A suit that claimed a $7.3 billion plan “stocked the Plan’s investment menu with their own proprietary index funds”—while “participants got the short end of the stick” is now seeking class action status.
The plaintiffs in this case (Kohari et al. v. MetLife Group Inc. et al., case number 1:21-cv-06146, in the U.S. District Court for the Southern District of New York) are Rita Kohari, John Radolec and Mohani Jaikaran, who, “individually and as representatives[i] of the Class” on behalf of the $7.3 billion MetLife 401(k) Plan are alleging that the defendants MetLife Group, Inc., Metropolitan Life Insurance Company, the Benefit Plans Investment Advisory Committee, and “John and Jane Does 1-20” for breaching their “fiduciary duties with respect to the Plan in violation of ERISA, to the detriment of the Plan and its participants and beneficiaries, by applying an imprudent and disloyal preference for MetLife index fund products within the Plan, despite their poor performance, high costs, and lack of traction among fiduciaries of similarly sized plans.” The suit—the plaintiffs here are represented by Nichols Kaster PLLP—alleges that this “imprudent and disloyal conduct has cost Plan participants millions of dollars over the statutory period.” They filed suit back in July 2021.
Where We’ve Been
Not that the parties haven’t been busy since then. The MetLife defendants moved to dismiss the complaint in October 2021—only to have that motion denied by the court in August 2022. The plaintiffs here then filed an Amended Complaint that added the Employee Benefits Committee as a defendant, as well as adding some information regarding the Bond Index Fund. That Amended suit was responded to by the MetLife defendants on September 30, 2022…which brings us to the filing that now seeks the court’s approval for these named plaintiffs to represent the class of participants allegedly injured by these actions (or lack thereof) in the suit.

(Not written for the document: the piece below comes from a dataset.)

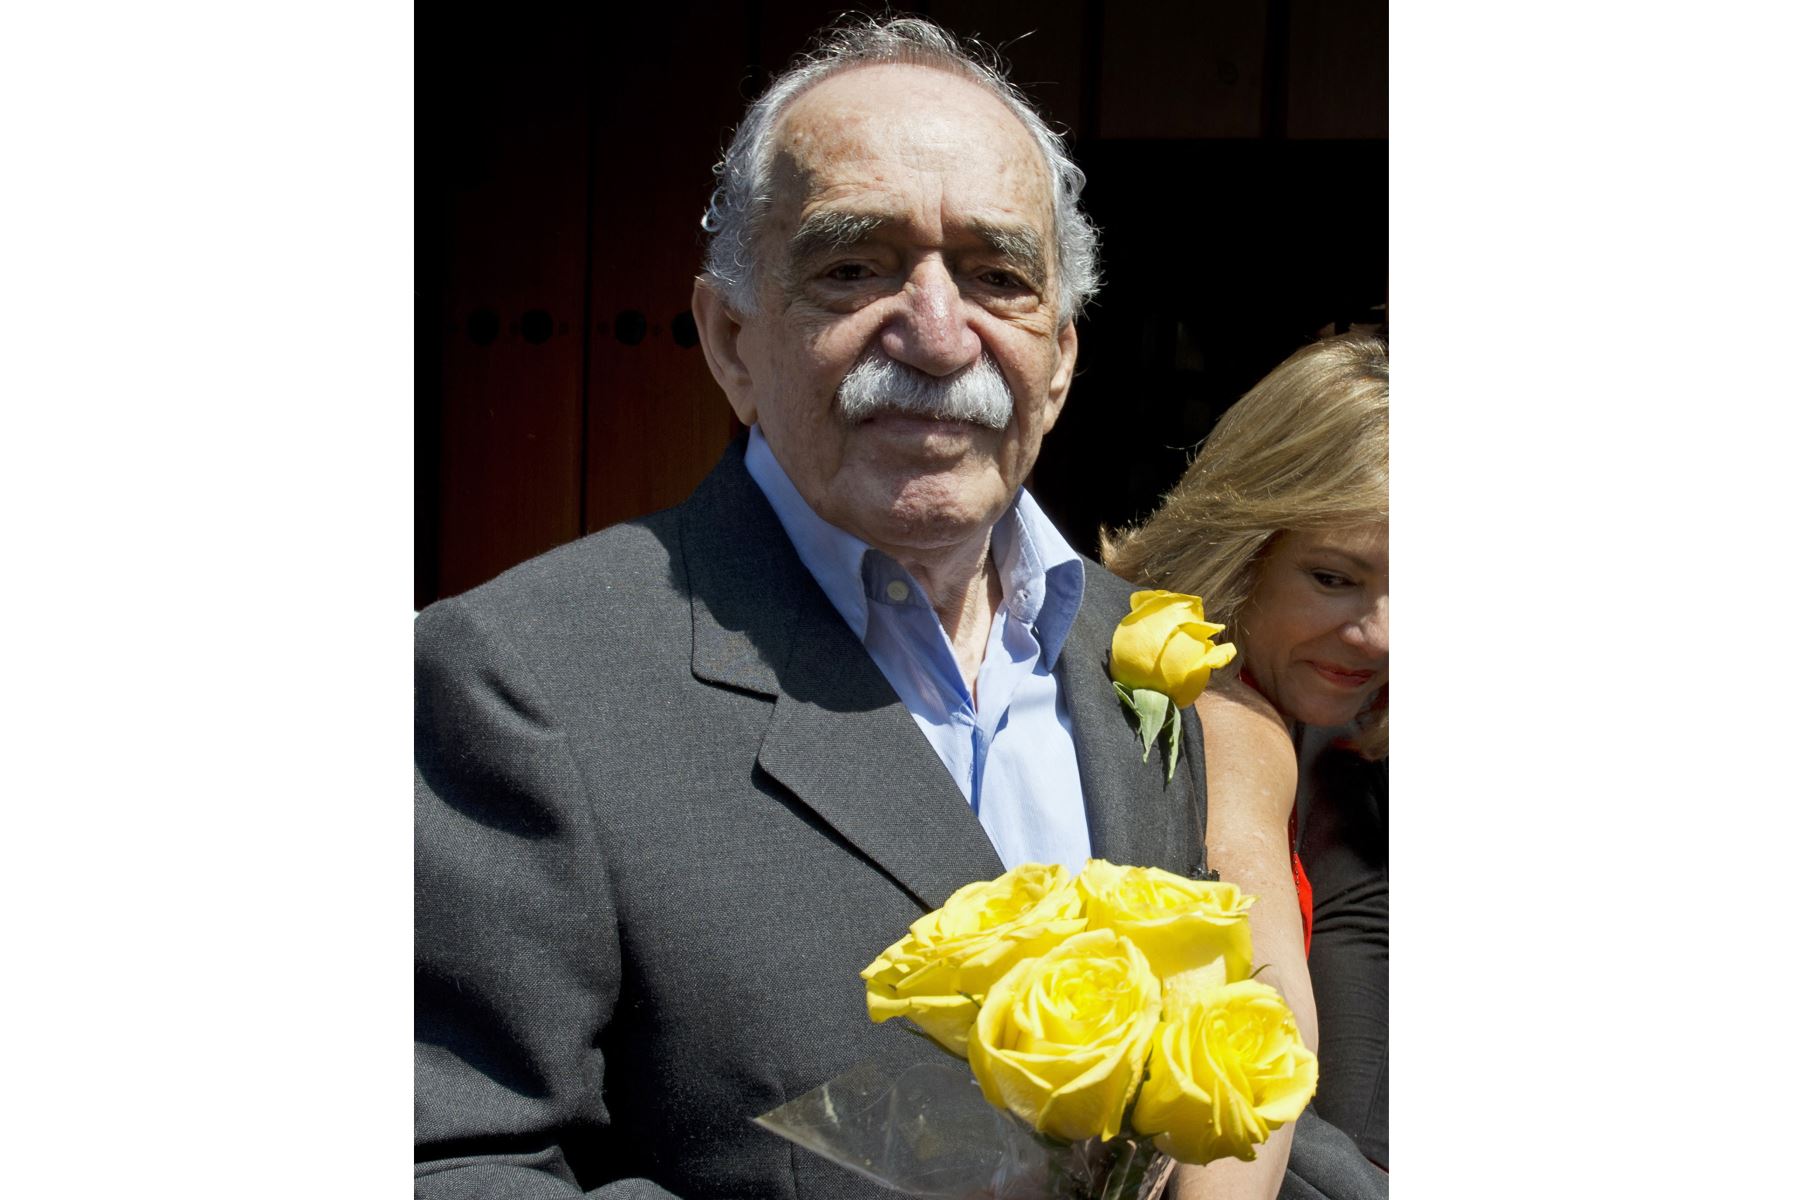 El escritor y periodista colombiano Gabriel García Márquez, premio Nobel de Literatura, posa con un ramo de rosas amarillas que le regaló un periodista en su 87 cumpleaños, en Ciudad de México, el 6 de marzo de 2014. 
Foto: AFP

To refresh your memory, the MetLife plan’s investment menu consists of nine investments—eight of which are “proprietary” funds managed by MetLife—and a self-directed brokerage account. In filing for consideration as a class, the plaintiffs allege that “MetLife is not a leading manager of index funds, as many of its products are not competitive on the open market,” that the MetLife Index Funds “cost several times more than otherwise identical index funds that were offered by leading index fund managers such as BlackRock, Northern Trust, State Street, Vanguard, and Fidelity,” and that—in the plaintiffs’ words—“the MetLife Index Funds also tend to do an inferior job of tracking their underlying index.” All of this is borne out, the plaintiffs allege by the reality that “MetLife’s share of the market for index funds is a small fraction of the leading managers.”

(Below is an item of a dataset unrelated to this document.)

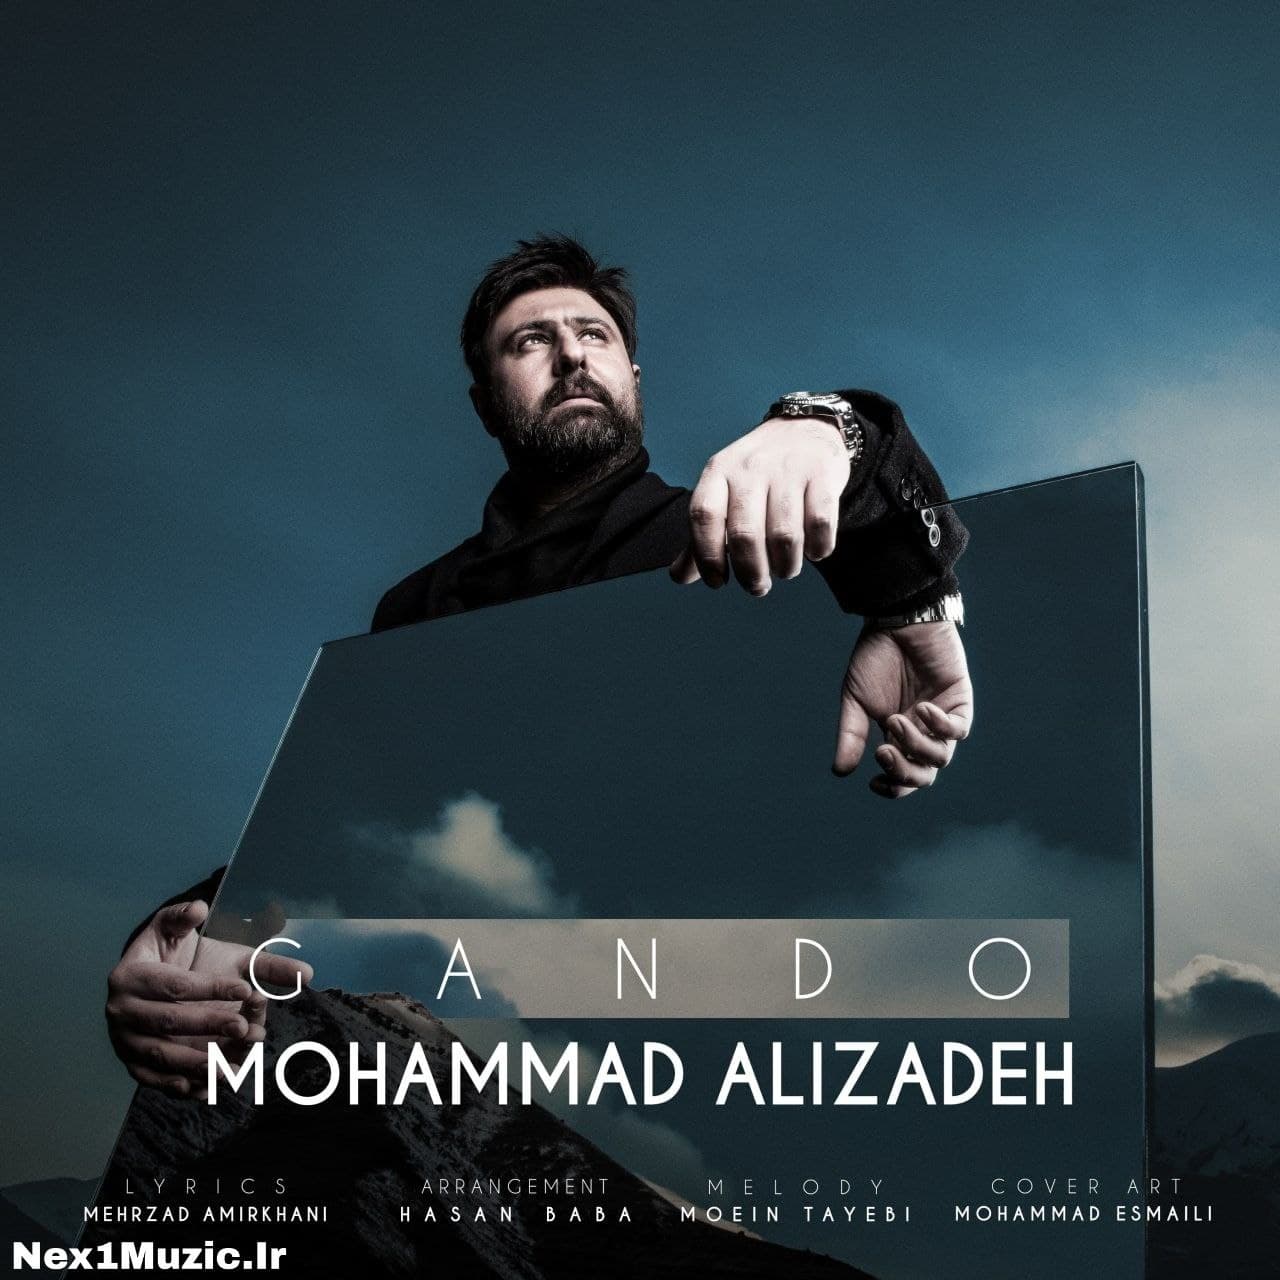 آهنگِ جدید و زیبایِ محمد علیزاده به نامِ «گاندو»

The suit alleges that the defendants “could have negotiated competitive rates with these leading index fund managers in line with other similarly sized plans,” and that the failure to do so “has resulted in significant losses for participants, as each index fund underperformed comparable alternatives by roughly the difference in costs.”
‘Lacked Formal Processes’
The suit goes on to note that “despite their high fees, the Investment Advisory Committee never considered removing any of the MetLife Index Funds from the Plan or firing MetLife as the investment manager for the index funds.” Moreover, the suit claims that, “in general, Defendants lacked formal processes for managing the Plan. For example, Defendants failed to establish an Investment Policy Statement (‘IPS’) for the Plan until 2020”—“highly unusual for a large retirement plan,” they state.
The plaintiffs also call into question the plan’s “relationship with an internal MetLife entity called Retirement Income Solutions” which, they note, for approximately two decades, “provided the Plan with administrative and trustee services.” However, around the time of a plan audit (certain sections of the complaint were redacted) Retirement Income Solutions decided it would no longer provide administrative and trustee services to the Plan. As a result, the suit comments that “eight of the nine investment options—including all of the MetLife Index Funds—were transferred from their former group annuity contract structure to a new collective investment trust structure”—and that, if the defendants had “prudently and loyally monitored the fees before this, they would have recognized the need to make this change much sooner.”
Will the court be persuaded? Stay tuned.
NOTE: In litigation there are always (at least) two sides to every story. However factual it may turn out to be, the initial lawsuit in any action is only one side, and one generally crafted toward a particular result. In our coverage you'll see descriptions of events qualified with statements such as “the suit says,” or “the plaintiffs allege”—and qualifiers should serve as a reminder of that reality.
[i] The proposed class is represented by Brock J. Specht, Grace Chanin, Benjamin Bauer and Paul Lukas of Nichols Kaster PLLP.